Looking relieved, the young man returned to his friends saying: “It’s ok, it doesn’t look like they’re out to catch drink drivers.” He had just finished his third pint of lager.

While many opinions on social media have been critical of the new measures, businesses in the old city largely welcomed the increased police patrols on Monday, although many said it would be better if there were more visible patrols done on foot.

Others expressed outrage, with one person saying  on social media that “old #Nicosia becoming like a fascist state.”

“Just so we’re all on the same page, these patrols are the beginning of a racist, far-right populist movement by #Cyprus’ ruling Disy, much like the ones we’ve seen sweep the developed world,” said another person on social media.

Speaking to small business and shop owners in Ledra and Onasagorou Streets painted a different picture however.

“I fully support these measures, it should have happened a long time ago. I’m a taxpayer and my money goes to the police to keep the streets safe,” said the owner of a kiosk overlooking Eleftheria Square.

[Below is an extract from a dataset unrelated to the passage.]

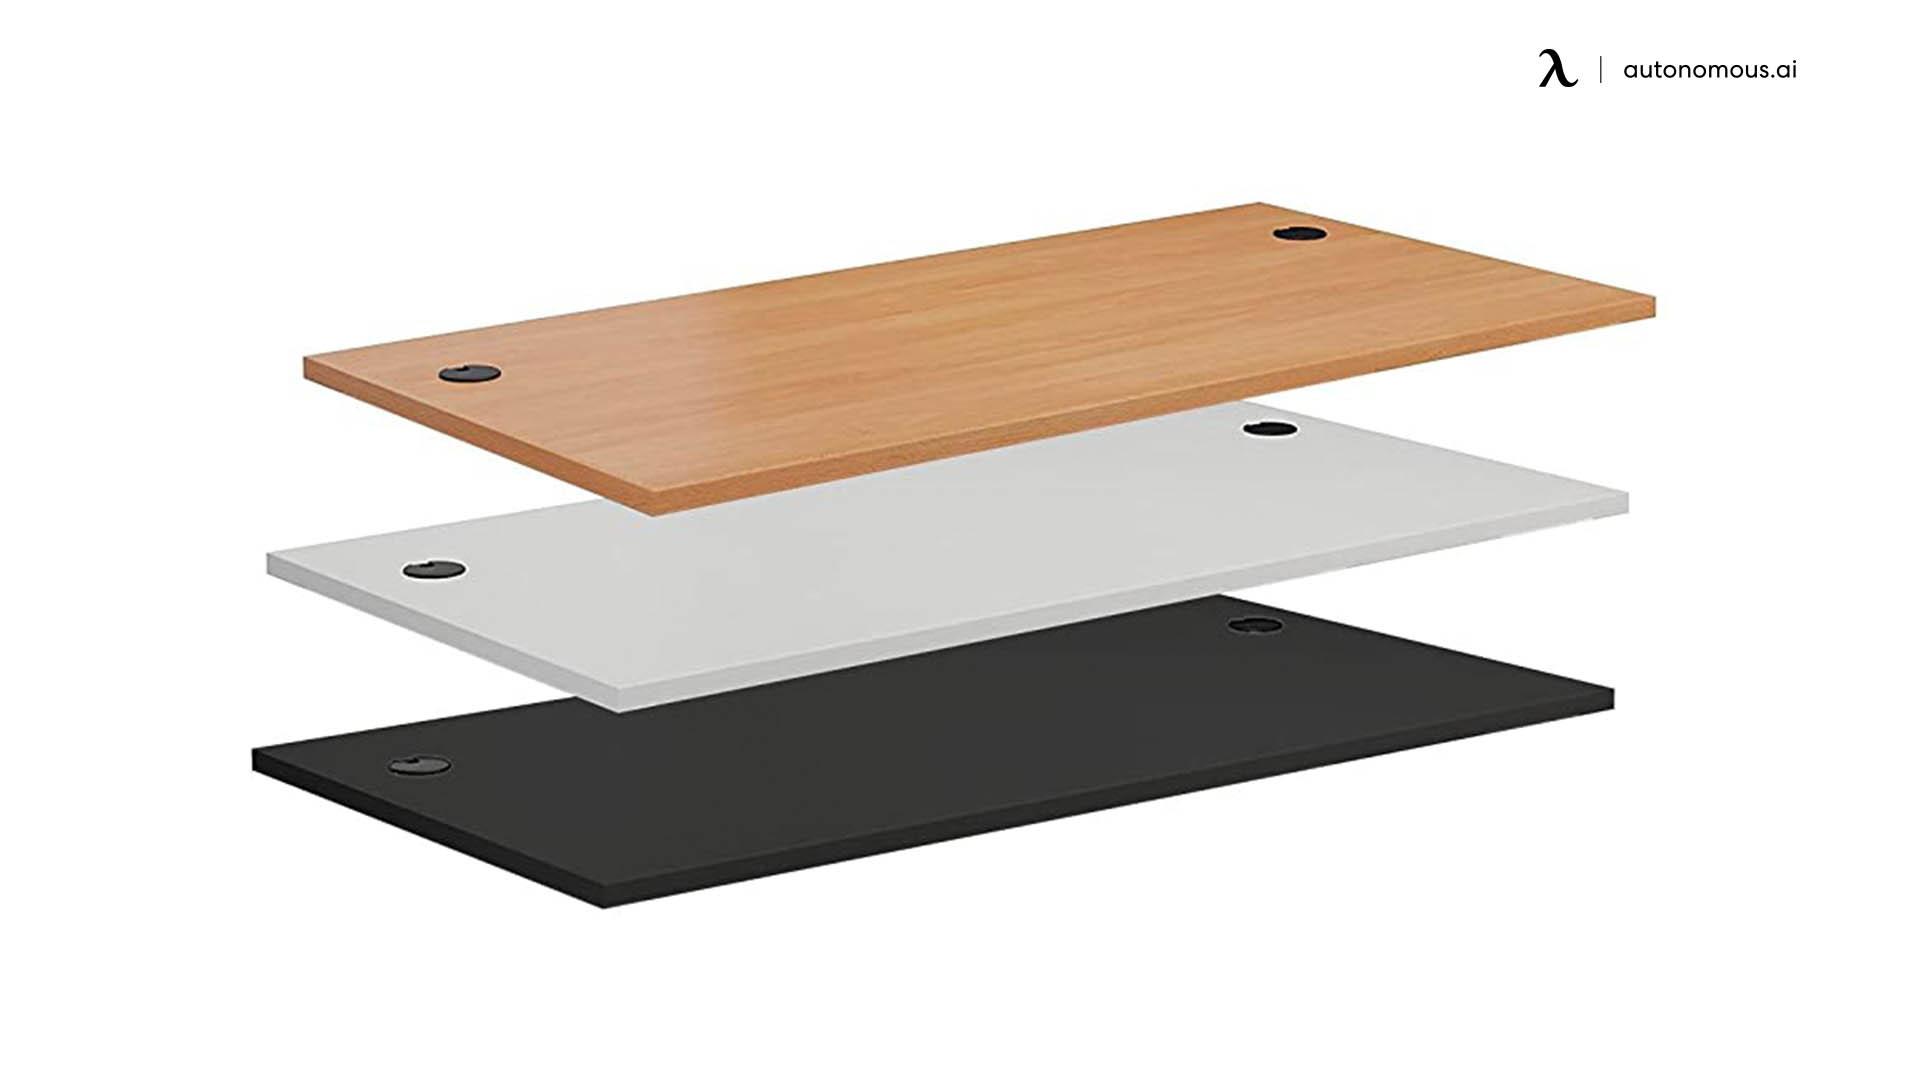 MFC Desk Top

A shop owner in Regina Street, a former policeman from Romania, voiced his firm support for the idea behind the police patrols.

“Police have to give out two different feelings: one of protection and safety, and the other of fear,” he said.

“For the good people you will feel safe and know you’re protected, but if you’ve done something wrong you should feel terror,” he explained.

He thought the measures did not go far enough.

“But the problem is that they’re in cars. I see something wrong, how can I tell the police when they’re driving past? And the three seconds they drive past, what will they see? They have to be on foot,” he went on.

“Ultimately yes, it’s a trade-off. You’re giving up some freedom for security, but we need to do it,” he concluded.

Many of the shopkeepers expressed frustration at the large numbers of immigrants in recent years, saying that the character of the old town has changed.

But migrants were also among those who welcomed the police presence.

“If there is one thing I love about Cyprus it’s that there is peace and security,” a student from Cameroon, waiting for a bus at Solomou Square, said. “There’s no violence because you see police every five minutes, this gives security for the immigrants too.”

Nicosia has witnessed some high-profile incidents in the last few months. Most notable was the attempted murder case at an Engomi nightclub in November, where two Syrians were shot.

In October a man was stabbed in broad daylight at Solomou bus station at around 11:30am.

A woman in her 70s, whose house is adjacent to the buffer zone, said she welcomed the increased police presence. “It makes us more secure. The migrants are fine but there are a couple of local boys at the end of the road who cause trouble.”

Police have been reluctant to comment on the situation, instead referring back to the justice ministry’s announcement last week.